══ DATASET CONTENT
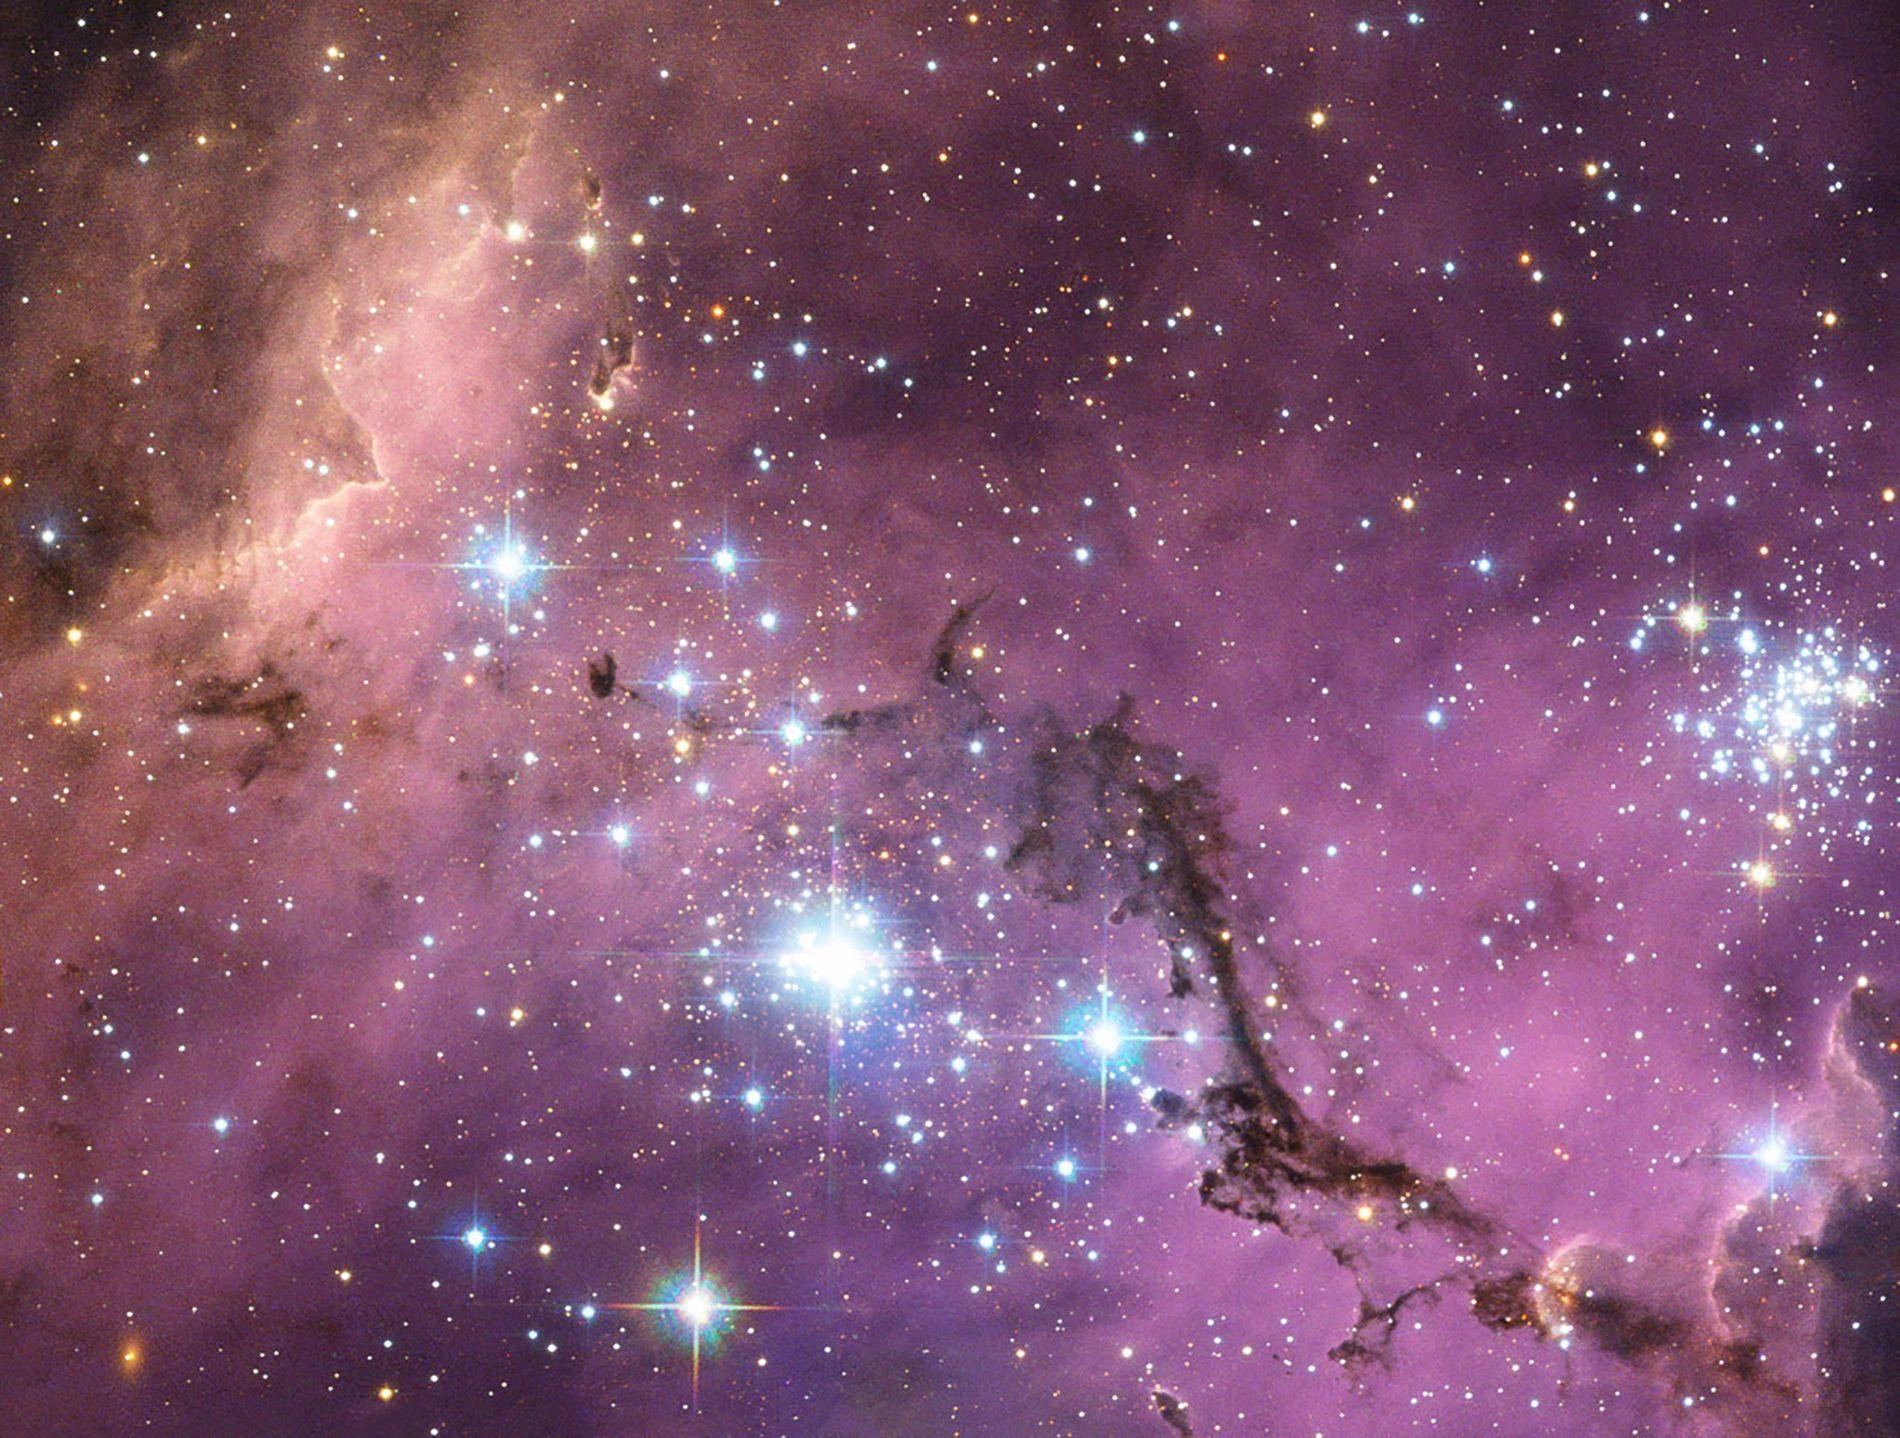 Situé à près de 200 000 années-lumière de la Terre, le Grand Nuage de Magellan est une galaxie satellite de la Voie lactée, c'est à dire qu'elle gravite autour de cette dernière. À mesure que la Voie lactée tire sur ses nuages de gaz, ils s'effondrent pour donner naissance à de nouvelles étoiles qui illuminent le Grand Nuage de Magellan de splendides couleurs à la manière d'un kaléidoscope.
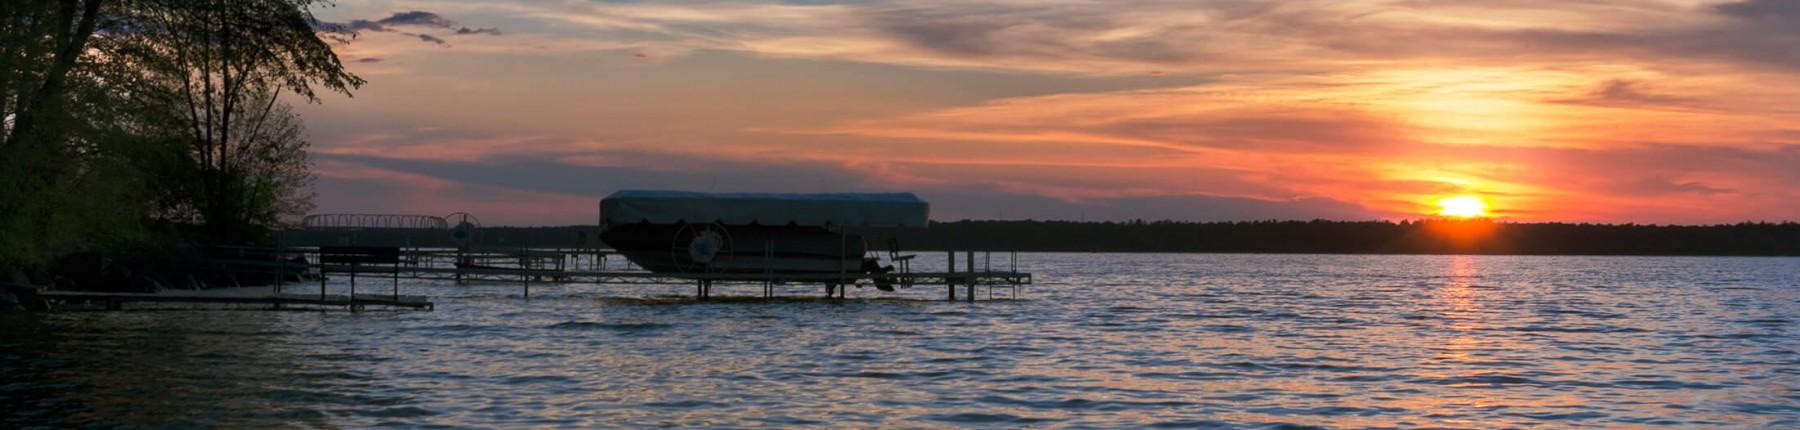 rippling lake at sunset
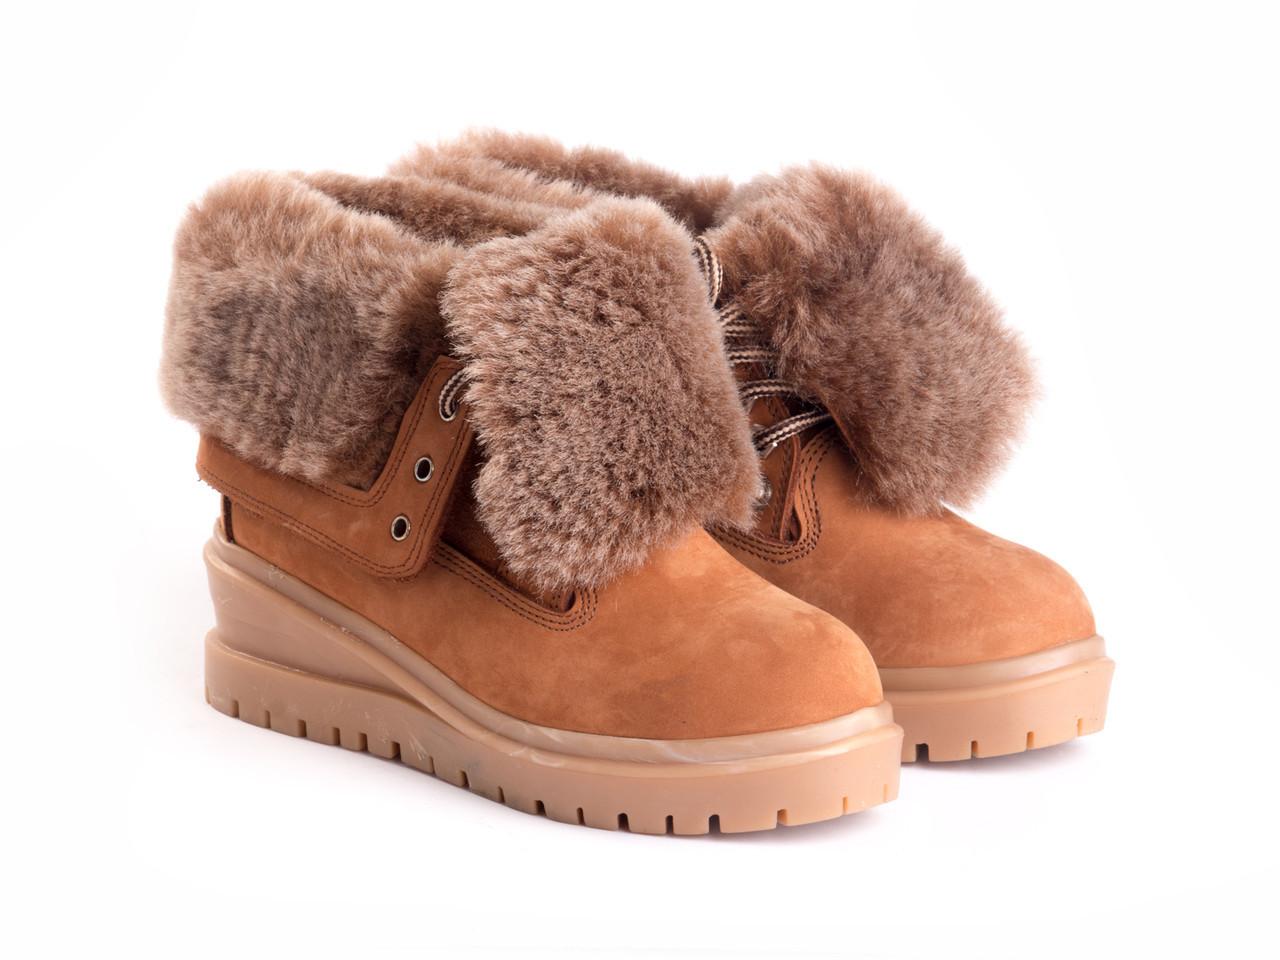 Ботинки Etor 3775-205-742 37 рыжие
════
• TASK TO COMPLETE: All the material above must be copied exactly, and no picture belongs in the copy.

• TASK RESPONSE:
 Situé à près de 200 000 années-lumière de la Terre, le Grand Nuage de Magellan est une galaxie satellite de la Voie lactée, c'est à dire qu'elle gravite autour de cette dernière. À mesure que la Voie lactée tire sur ses nuages de gaz, ils s'effondrent pour donner naissance à de nouvelles étoiles qui illuminent le Grand Nuage de Magellan de splendides couleurs à la manière d'un kaléidoscope.
 rippling lake at sunset
 Ботинки Etor 3775-205-742 37 рыжие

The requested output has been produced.